In this paper, a new method called Multi-scale Redistribution Feature Pyramid (MRFPN) is proposed to reconstruct new feature pyramid for detecting objects. MRFPN consists of several new modules. First, the extracted multi-scale features establish preliminary connection in modified-BiFPN. Second, the information of multi-scale features is aggregated together by balanced feature map. Then, CAA is used to distinguish the contribution of useful and useless information in the features.

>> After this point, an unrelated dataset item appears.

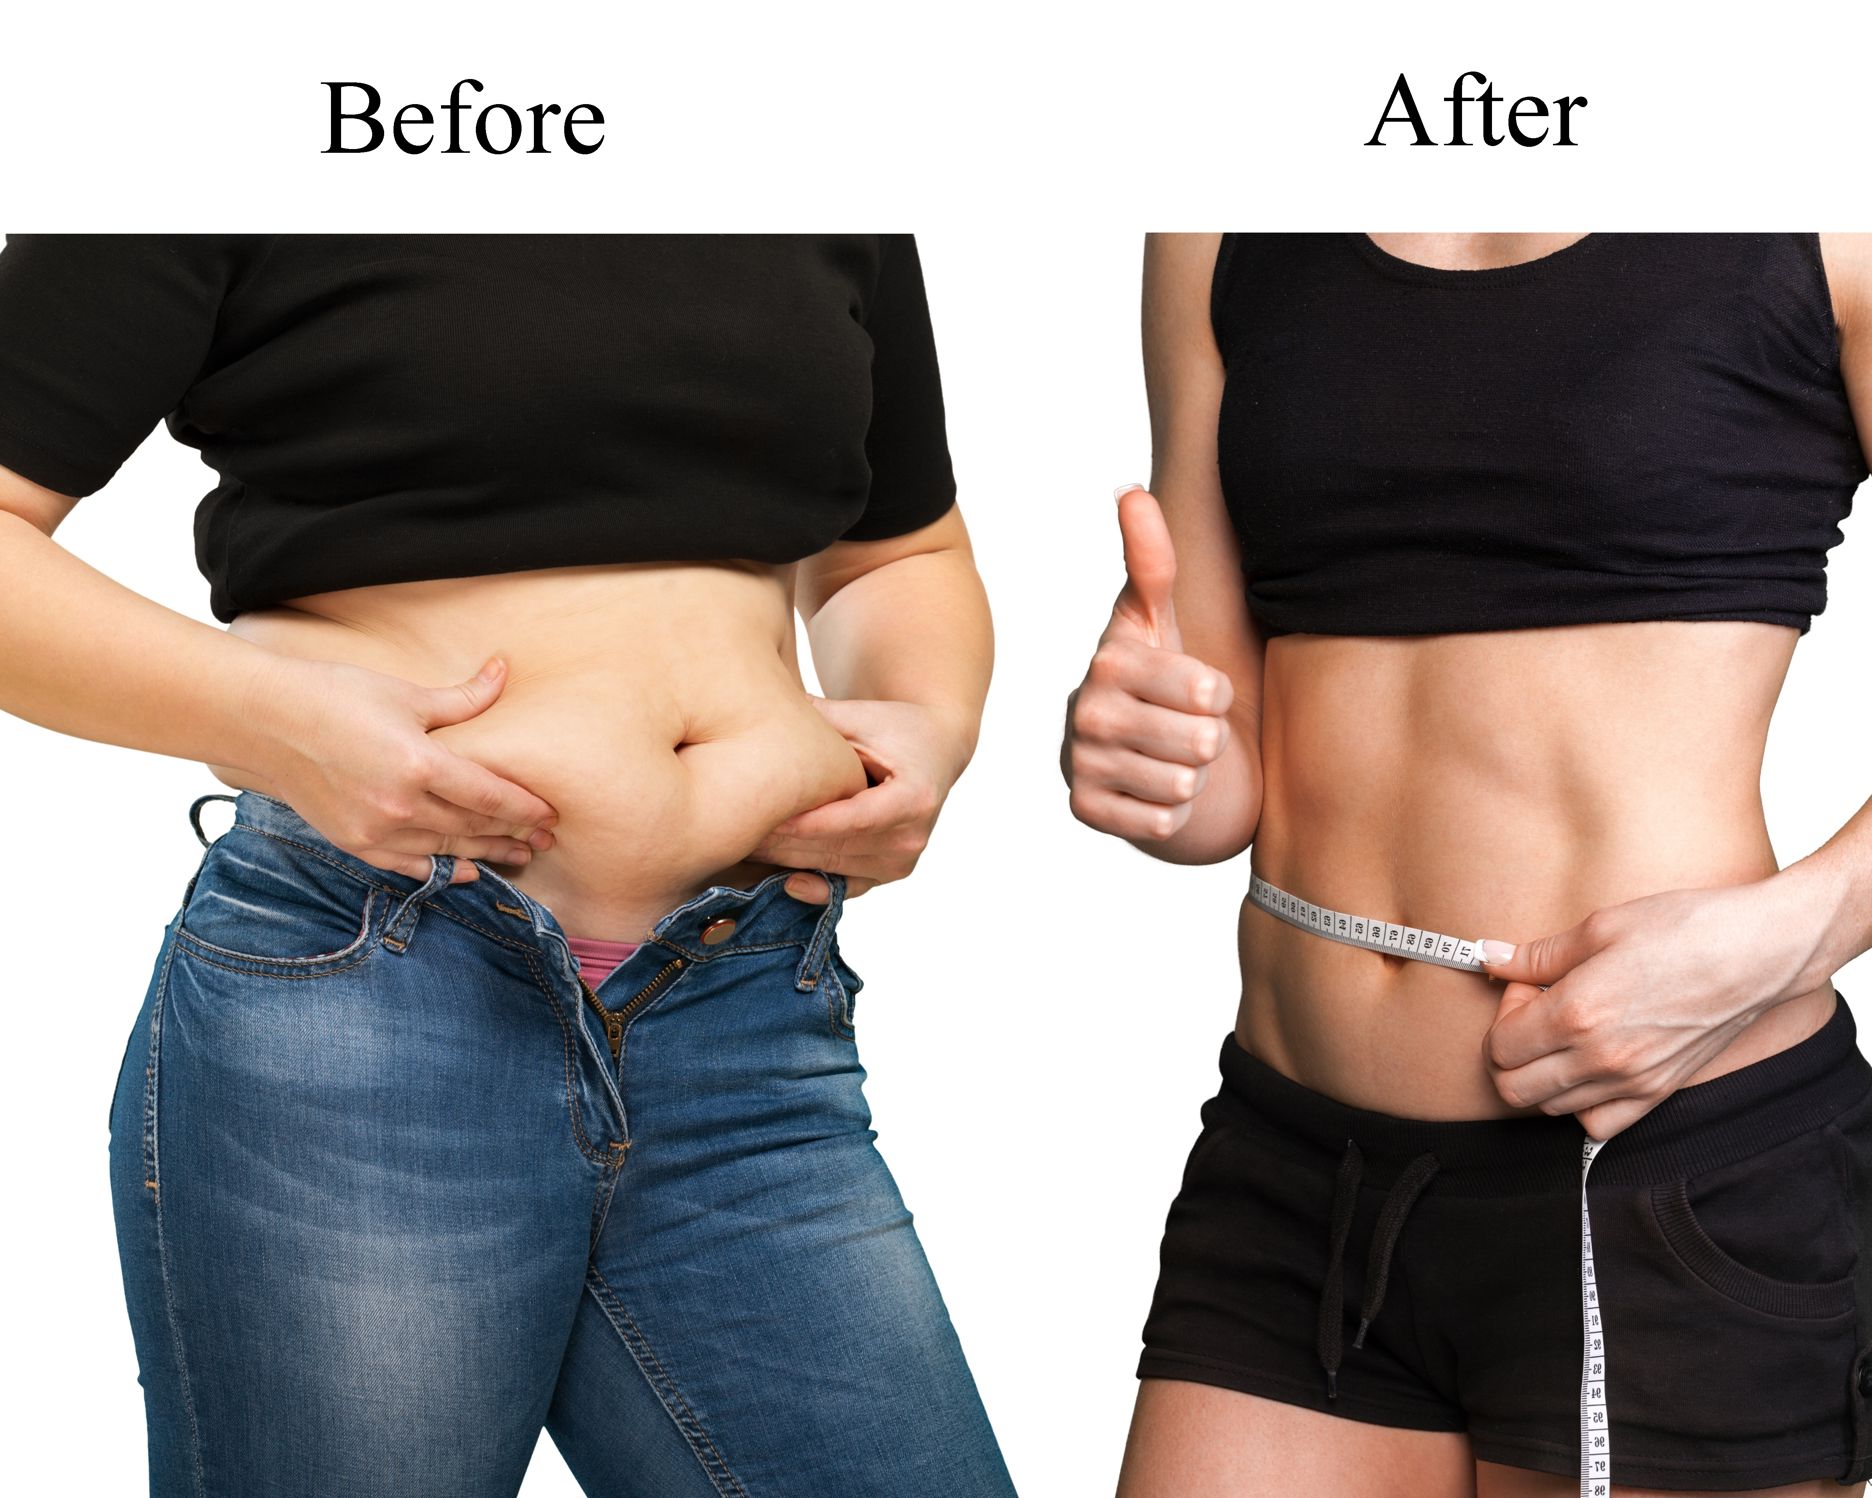 woman-s-body-before-after-diet-close-up.jpg

Finally, the information of features with different contributions is combined with the original feature pyramid by residual edges to reconstruct a new feature pyramid for prediction. In the experimental part, the ablation experiment of MRFPN self-module, the comparison experiment with EfficientDet-D1/D2 and the comparison experiment with other state-of-the-art object detectors are carried out on the PASCAL VOC dataset. MRFPN has a higher detection accuracy on the PASCAL VOC dataset and has better class detection accuracy than other detectors for some classes. The ablation experiment of modified-BiFPN and BiFPN, the comparison experiment with EffcientDet-D1/D2 and the comparison experiment with other state-of-the-art object detectors are carried out on the MS COCO dataset. The effectiveness of modified-BiFPN is verified by ablation experiments of modified-BiFPN and BiFPN. The lightweighting of MRFPN is verified by MRFPN parametric quantities. MRFPN also has high detection accuracy compared to other detectors on MS coco dataset. These two benchmark datasets verify that MRFPN has high validity and strong generalization ability.
Footnotes
Acknowledgements
This work was supported by planned project of Shaanxi Provincial Department of science and technology (2019GY-036).